With respect to MERS, the court concludes that MERS has satisfied its burden under Rule 12(c) by showing that the complaint includes no factual allegations, accepted as true, that form the basis of a CPA claim against it. The court has already rejected the Vawters' challenge to MERS's role as beneficiary under the Deed of Trust; likewise, this cannot give rise to a CPA claim. A review of the complaint reveals that the Vawters did not plead any other factual allegations concerning MERS, nor do the Vawters point to any other facts in their briefing. Therefore, the court grants judgment on the pleadings in favor of MERS with respect to the Vawters' CPA claim.
Next, with respect to Chase, the court concludes that Chase has met its burden under Rule 12(c) by showing that no material issue of fact remains to be resolved as to the elements of causation and injury.
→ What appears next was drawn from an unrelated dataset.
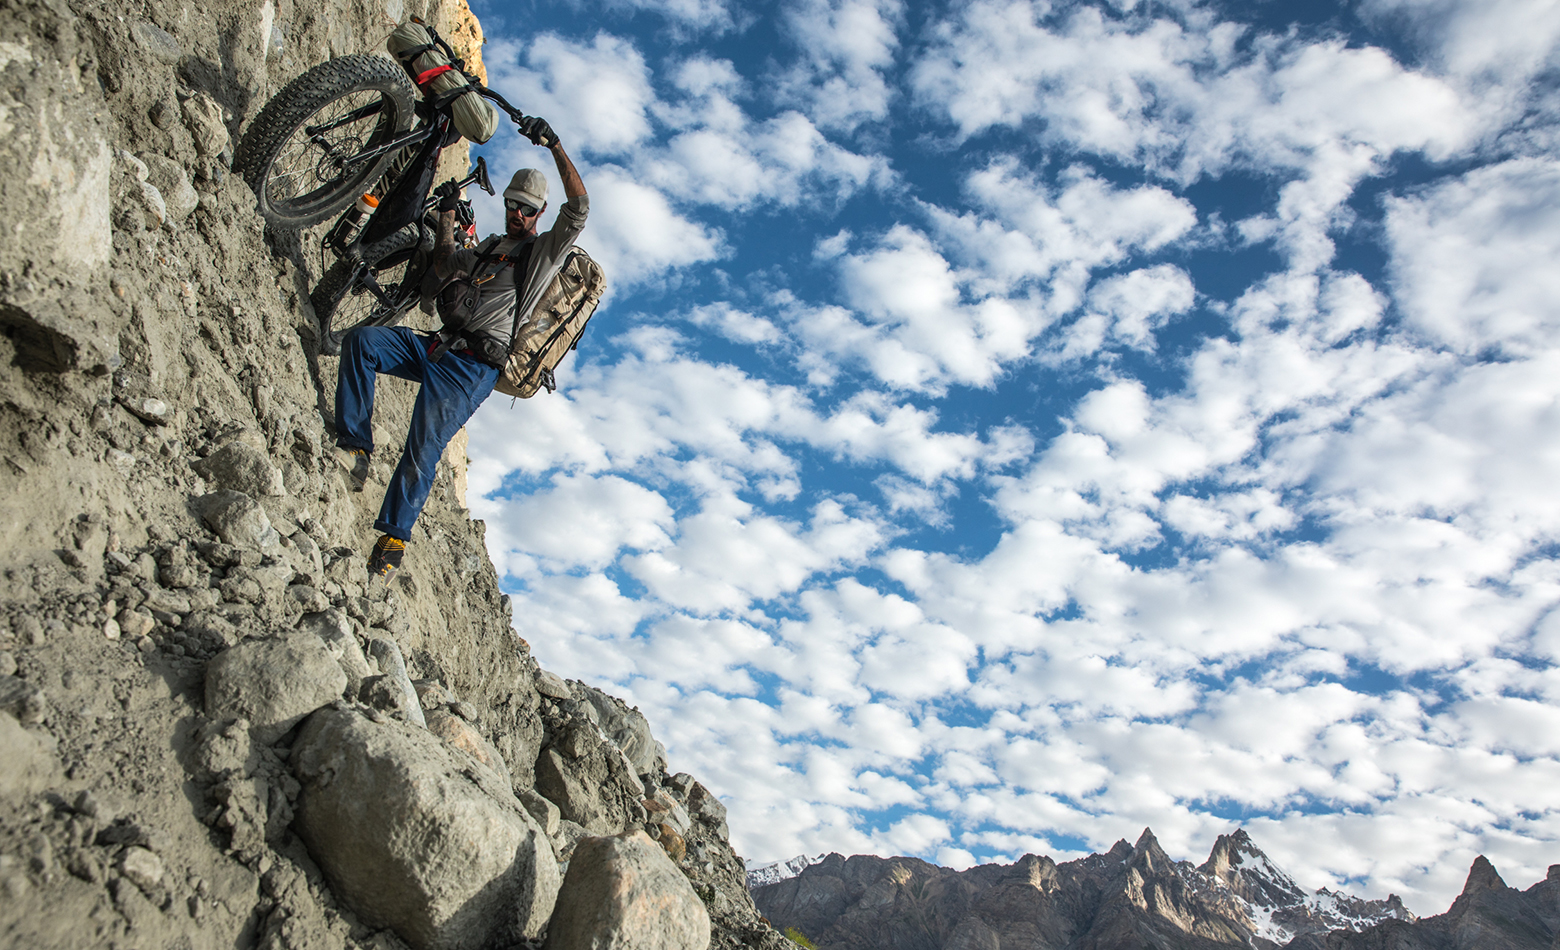 Steve Fassbinder, Biafo Glacier, Latok Traverse, Karakoram Mountains, Pakistan

Even accepting as true the well-pleaded factual allegations in the complaint and assuming Chase engaged in conduct that falls within the scope of the first three elements of a CPA claim, the Vawters have not pleaded factual allegations sufficient to give rise to a genuine issue of fact regarding the fourth and fifth elements. The Vawters simply plead no actionable injury. Notably, no trustee's sale actually occurred, and the Vawters neither dispute their default under the terms of the Note nor challenge the proposition that nonjudicial foreclosure is appropriate generally. The court rejects the Vawters' contention that a genuine issue of material fact exists with respect to injury due to their speculative fear that some unknown entity, other than Chase, will attempt to assert its rights under the Note or Deed of Trust. (Resp. at 29.) This speculation is insufficient to give rise to a genuine issue of material fact. Therefore, the court grants judgment on the pleadings in favor of Chase with respect to the Vawters' CPA claim.
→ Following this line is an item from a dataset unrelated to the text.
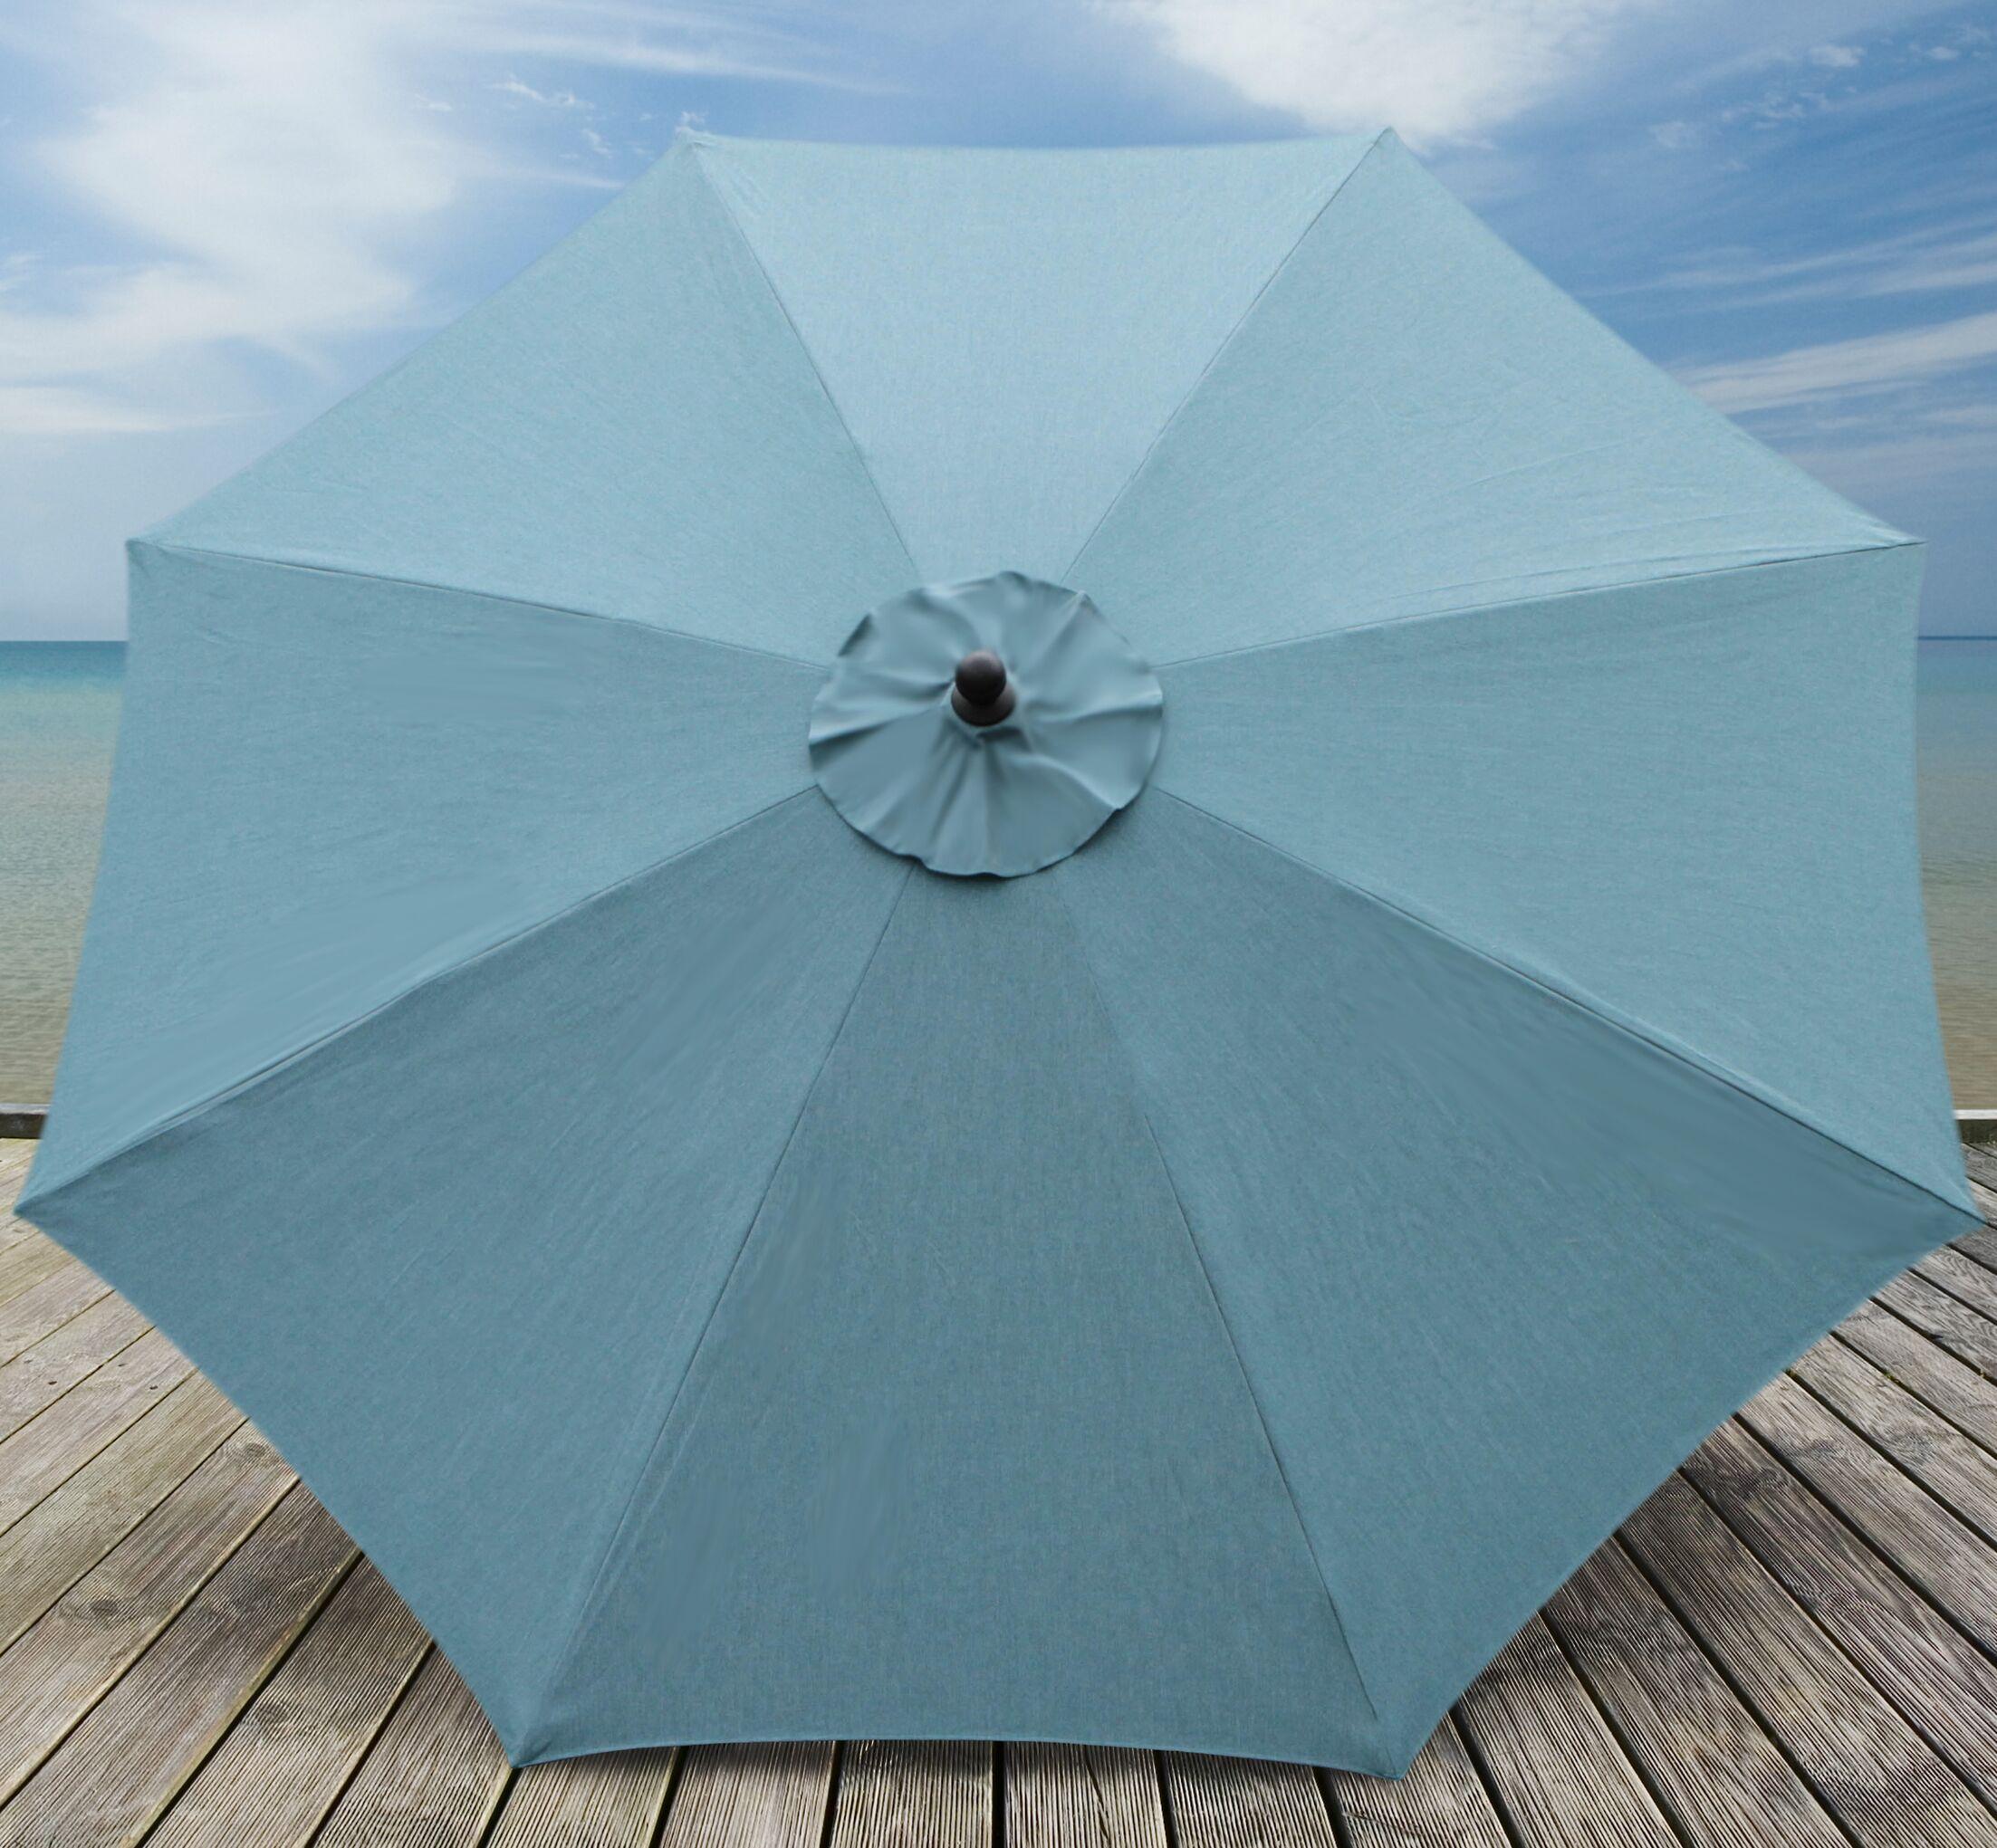 Mucci Madilyn 10' Market Umbrella Fabric Color: Cast Lagoon

Having made this determination, the court need not address Chase and MERS's argument that the DTA provides the exclusive remedies for violations of its provisions and thus shuts out potential pre-trustee's sale CPA claims. (Reply at 13.)
G. Quality Loan Service
QLS joins in the motion for judgment on the pleadings. It asserts that "[f]or the reasons outlined in said motion, dismissal of [QLS] from this action with prejudice is warranted." (Joinder in Mot. (Dkt. # 14) at 1.) QLS does not otherwise address the Vawters' claims as they relate to QLS or explain how its role as trustee affects the viability of those claims. Without more, the court denies QLS's request for judgment on the pleadings.
IV. CONCLUSION
For the foregoing reasons, the court GRANTS Chase and MERS's motion for judgment on the pleadings (Dkt. # 11) and DENIES QLS's request for judgment on the pleadings (Dkt. # 14).